About The Opioid Crisis
The US opioid overdose epidemic is the worst public health disaster of our lifetimes, not excluding the ‘80s-‘90s AIDS Epidemic. Driven by opioid overdoses, aggregate US life-expectancy has declined for the past three years in a row. The last time aggregate US life-expectancy declined for three years in a row was 100 years ago, during the Spanish Influenza. During 2016-17, more Americans died from opioid overdose than during the entire 20 years of the 1955-75 Vietnam conflict.
The logical first step to saving as many lives as possible, as quickly as possible, is to get the intervention that works fastest to the people who are most likely to overdose. This means getting naloxone to opioid-dependent individuals through the service providers they regularly use, especially syringe-access programs (SAPs).

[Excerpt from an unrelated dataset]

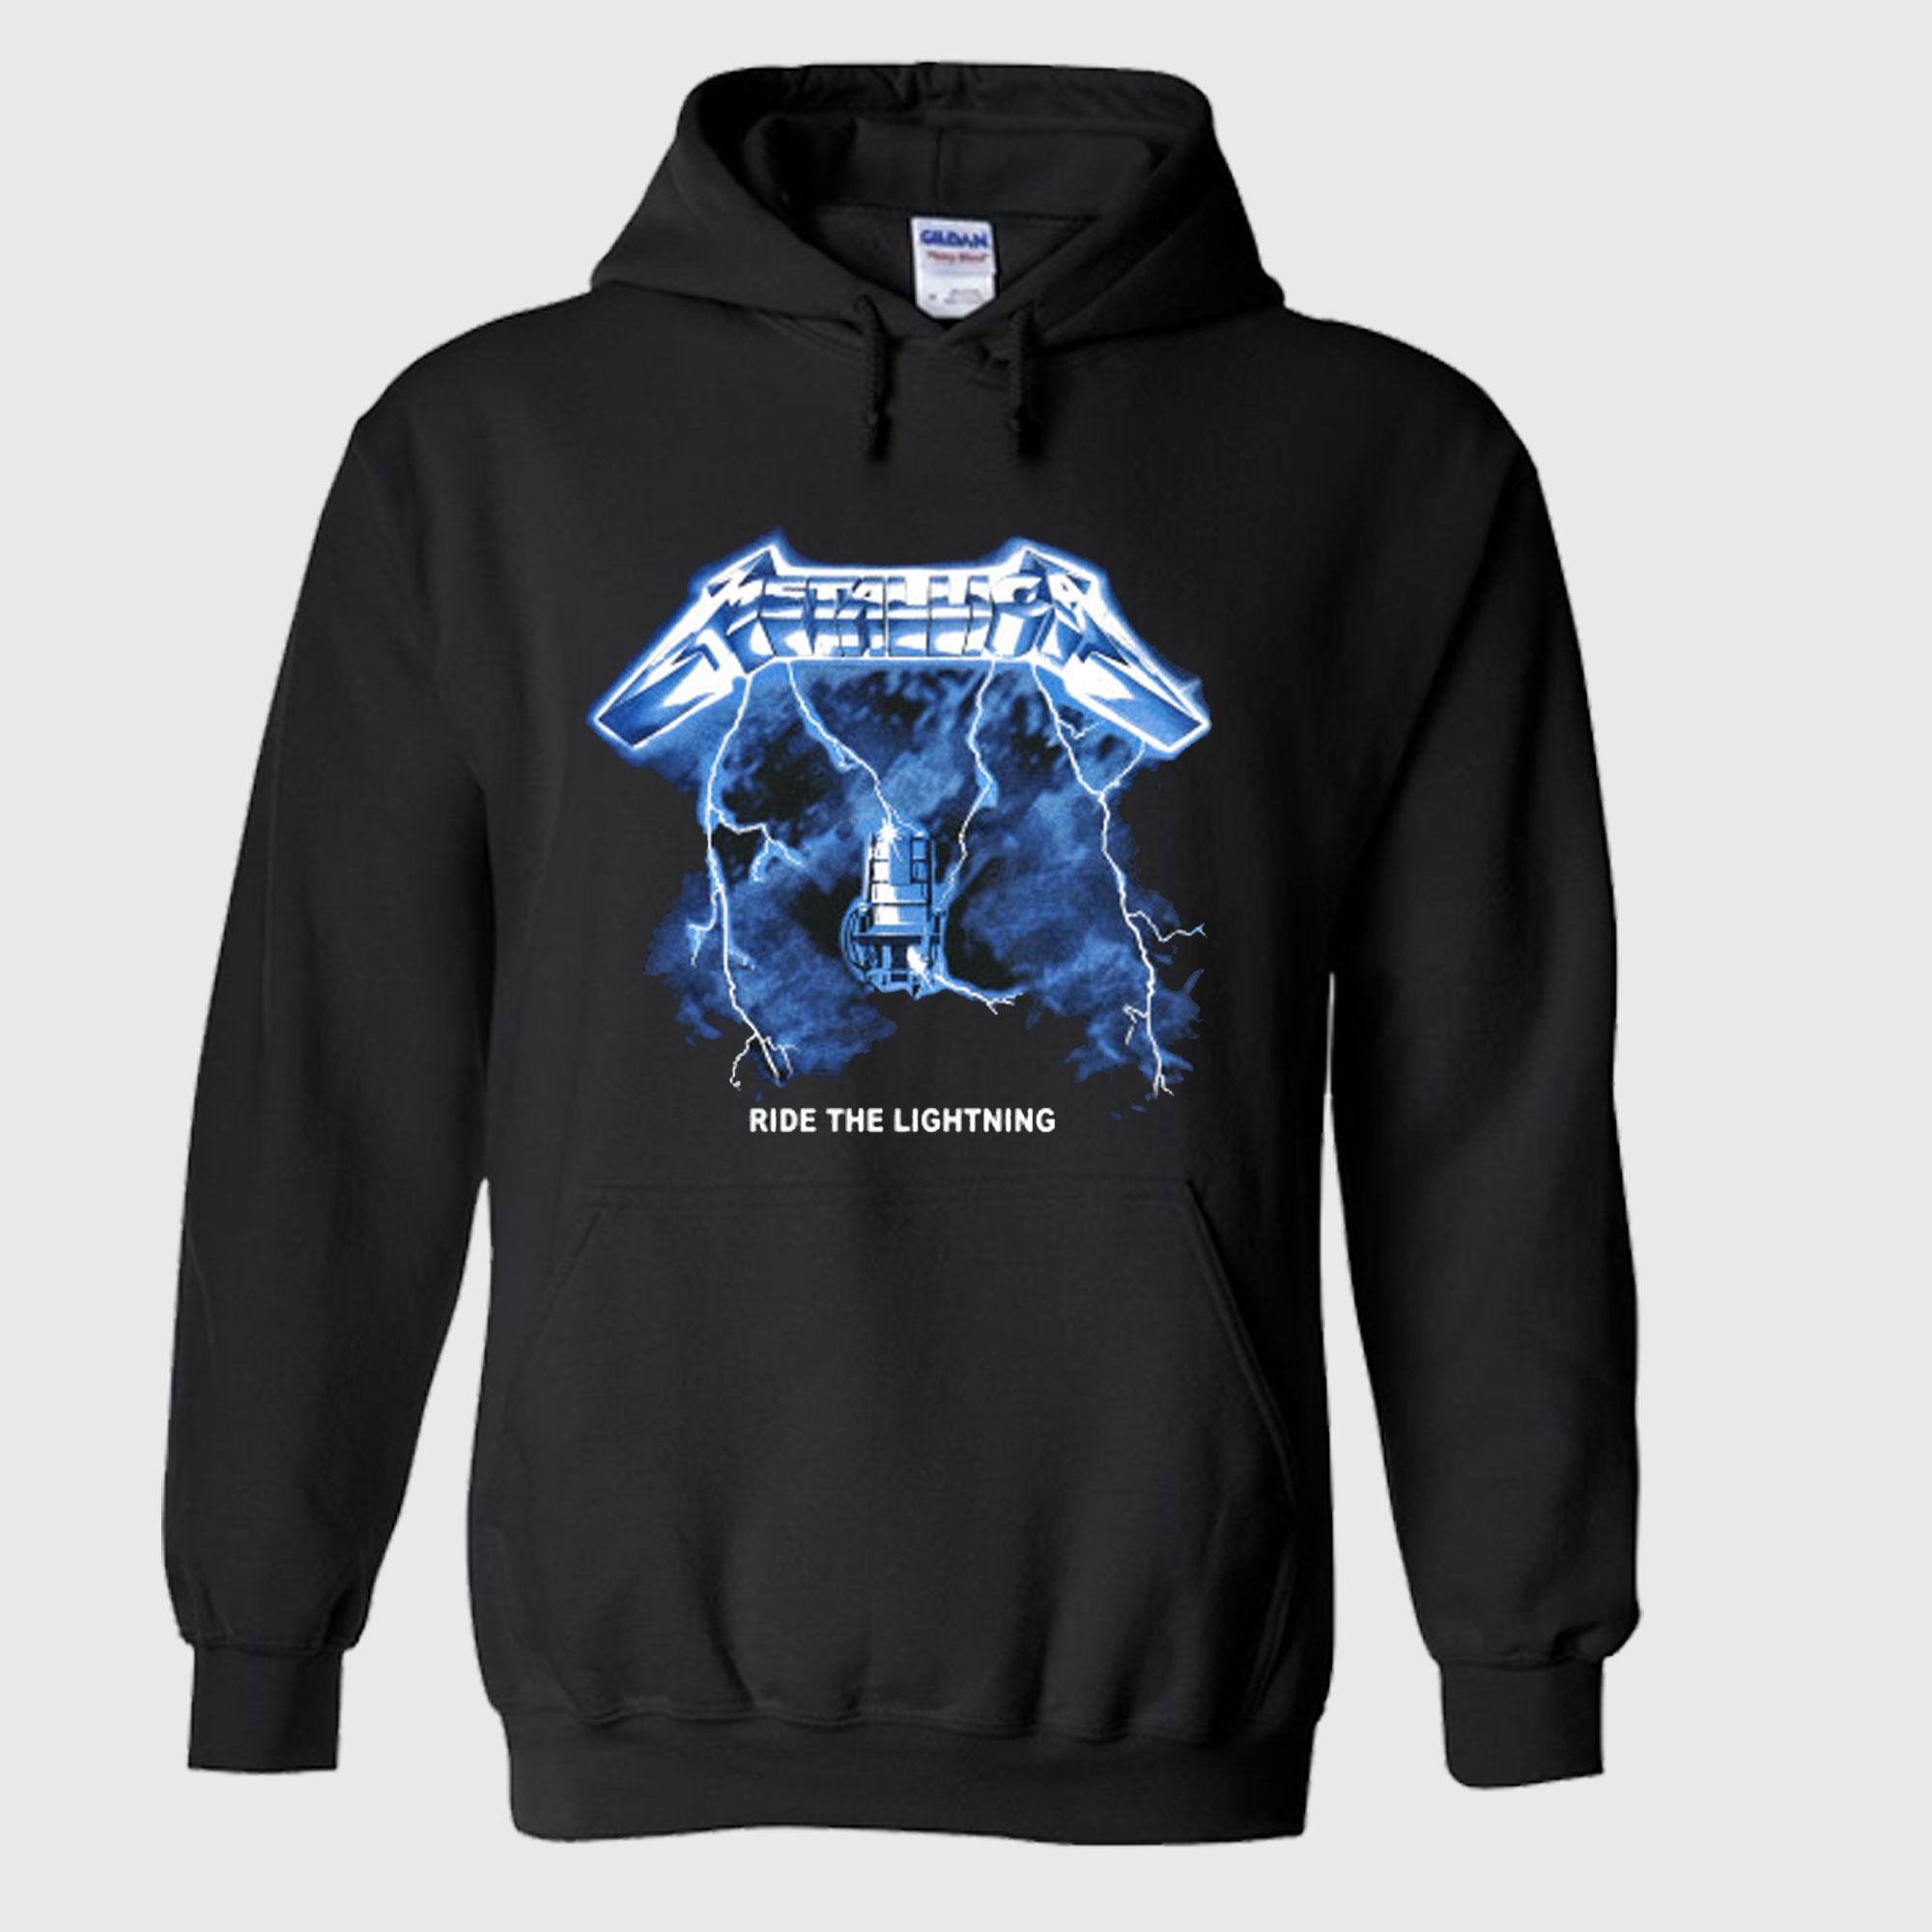 Metallica Ride The Lightning Hoodie

In practice, harm reduction organizations, particularly SAPs, tend to be the only organizations in opioid-impacted communities that actively seek out ongoing and constructive relationships with people who use drugs, recent overdose survivors, and others at highest risk for a fatal overdose. It is common for people who are opioid-dependent to feel unwelcome in hospitals, primary care clinics, and community health facilities…and to come to rely on the local SAP as their primary connection to health and social services across the community, because it is the only place left where they are still treated with compassion.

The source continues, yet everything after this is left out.